Текстовые концепты, изучение которых началось в конце прошлого века, со всей очевидностью обнаружили свою эффективность в раскрытии многих свойств текста. Тем не менее, следует отметить множественность их трактовок когнитологами. С содержательной точки зрения под концептом может пониматься глубинный смысл, свернутая смысловая структура текста, являющаяся воплощением интенции (глубинной психолингвистической реакции на внешний раздражитель) - и через нее - мотива деятельности автора [3, с. 57]. При таком понимании текстового концепта сюда
160
уместно отнести и так называемые индивидуально-авторские концепты художественного текста [7, с. 173]. Такой концепт более всего касается текстовых свойств, поскольку, являясь опосредованным воплощением мотива порождения текста, он задает коммуникативную целенаправленность, которая и диктует выбор автором того репертуара языковых средств, который реально используется при порождении текста. Опора на такой концепт позволяет исследователю посредством тщательного анализа самой словесной ткани литературного произведения воссоздать и описать фрагменты концептуальной картины мира автора [1, с. 37], и через его мироощущение судить об определенном качестве концептосферы того народа, представителем которого он выступает [7, с. 177]. Последнее обстоятельство позволяет сосредоточить внимание на особенностях текстовой лингвокультуры и, даже шире, на национально-культурных аспектах текстопостроения, отражающих в качестве его стимульных реализаций важные события в жизни этноса.
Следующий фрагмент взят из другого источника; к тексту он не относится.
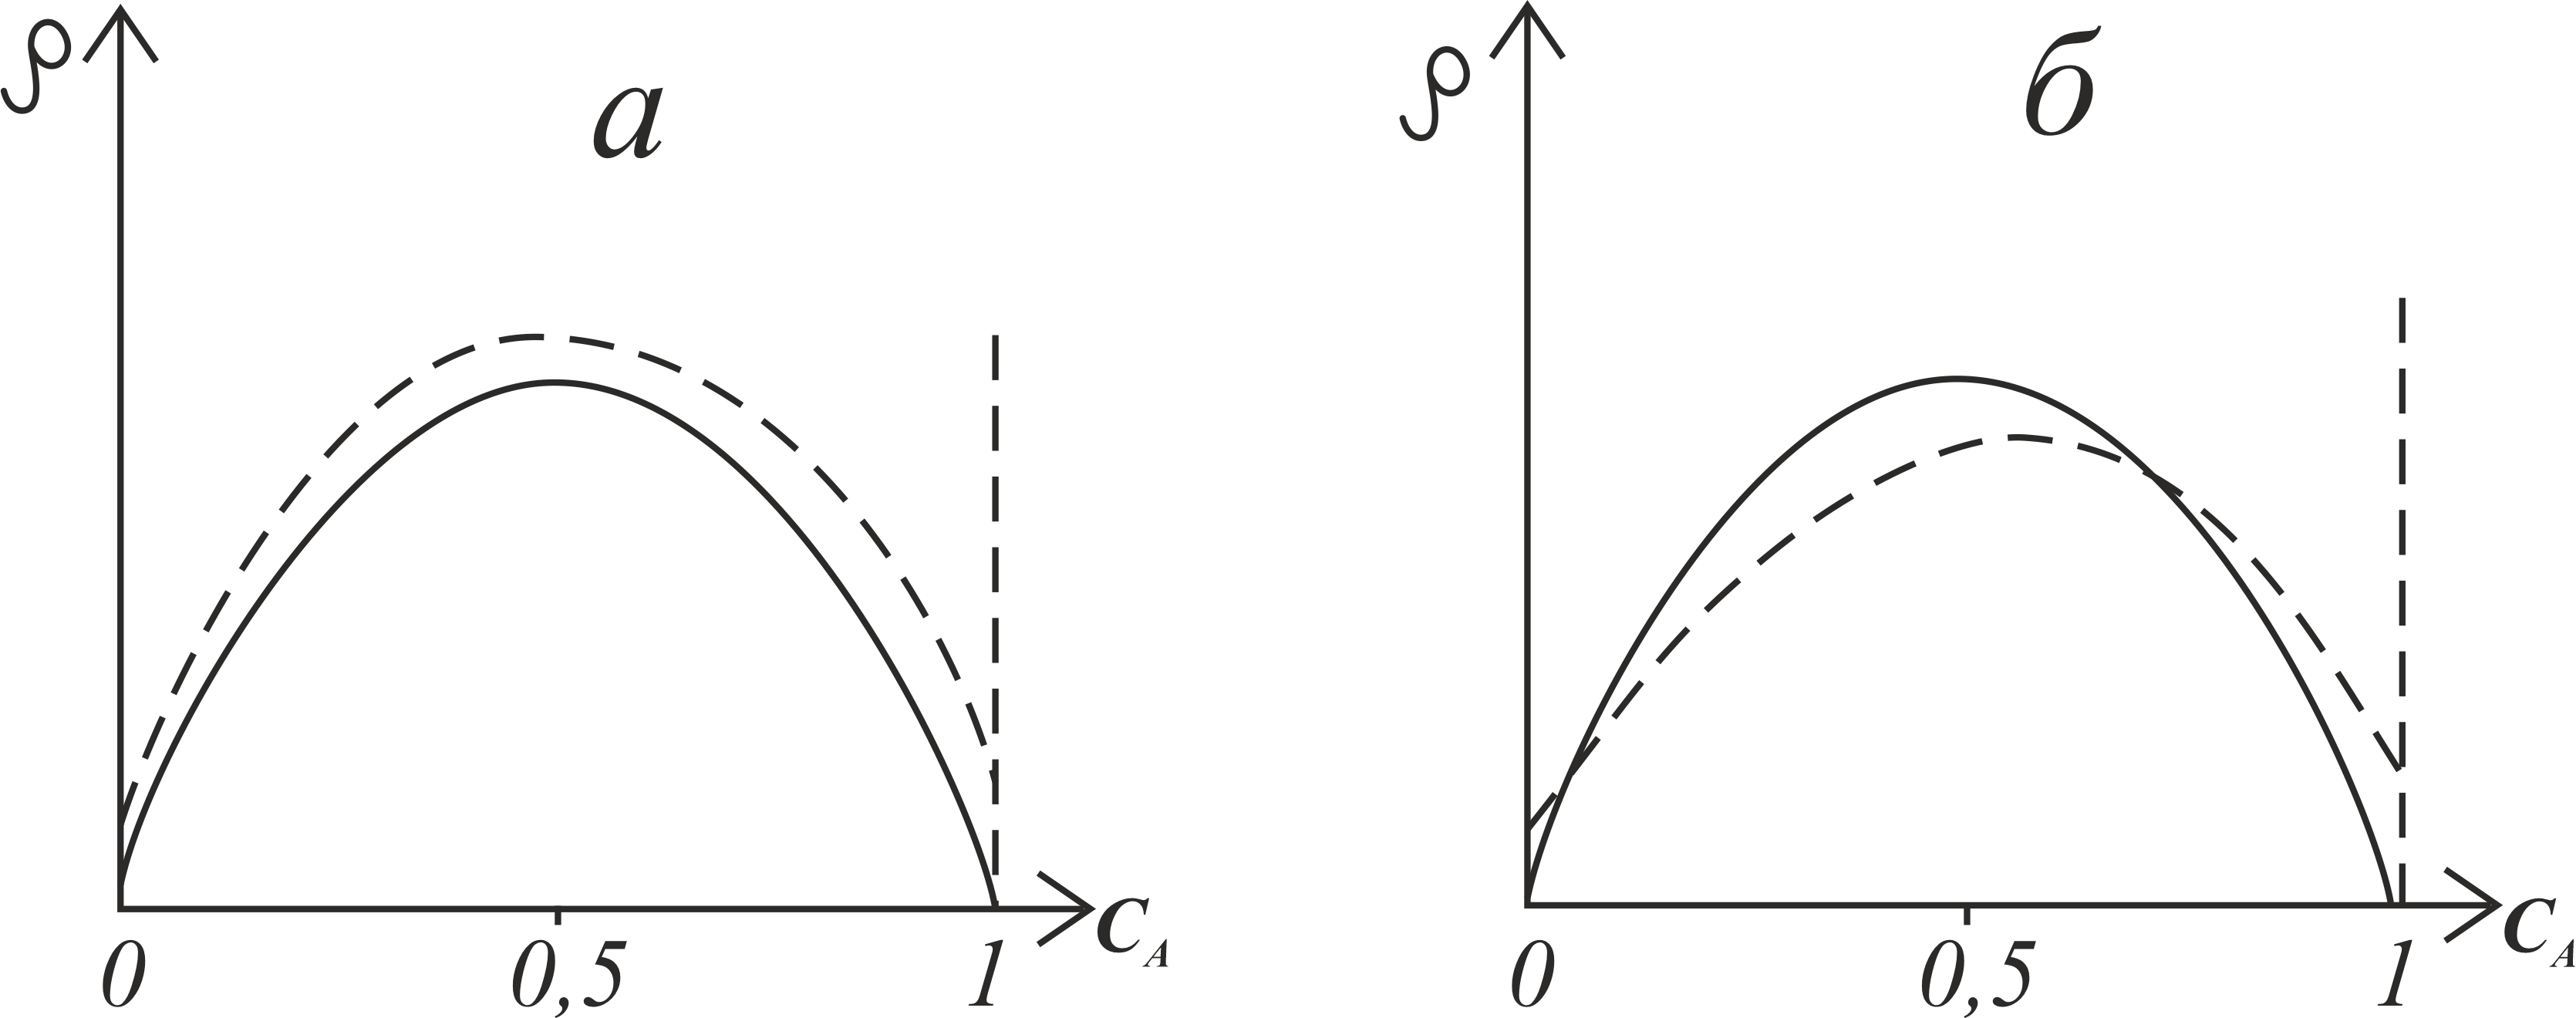  Концентрационные зависимости остаточного электросопротивления p неупорядоченного сплава с вакансиями (пунктирная линия) и без вакансий (сплошная линия)

Если в свете отмеченных моментов обратиться к тексту романа Б. Шлинка «Чтец», то в первую очередь следует отметить ориентацию последнего именно на важные события в жизни этноса, а именно на события в жизни немцев как нации и конкретно на то мучительное прошлое, которое довлеет над их умами и душами со времен окончания Второй мировой войны. Критика романа часто начинается с констатации того, что в немецких гимназиях «Чтец» уже включен в обязательную программу для изучения, поскольку на фоне взаимоотношений двух людей в произведении Б. Шлинка поднимается более глобальная тема: осмысление Германией своего кровавого прошлого [2]. В отдельных случаях эта мучительная для немцев тема конкретизируется и подается как персональная ответственность каждого за фашистское двадцатилетие [6]. Сделаем акцент на персональной ответственности, поскольку этот момент наиболее антропоцентричен.
Концепт «человек» в романе - это, в первую очередь, Ханна. Миха-ель - сопутствующий концепт. Он её наблюдает, анализирует, познает, то есть занимается когницией. Поскольку роман написан в форме перепорученной речи (когда повествование передается автором действующему лицу с целью придать ему особую достоверность), то фактически получается, что Михаель судит Ханну от лица нового поколения. Таким образом, концепт «политика» выступает как неотъемлемый компонент концепта «человек». Ещё одним таким концептом является концепт «любовь». Располагаясь между концептами «любовь» и «политика», концепт «человек» формирует антропоцентрический стержень текста, не позволяющий выходить повествованию за пределы двух отмеченных координат.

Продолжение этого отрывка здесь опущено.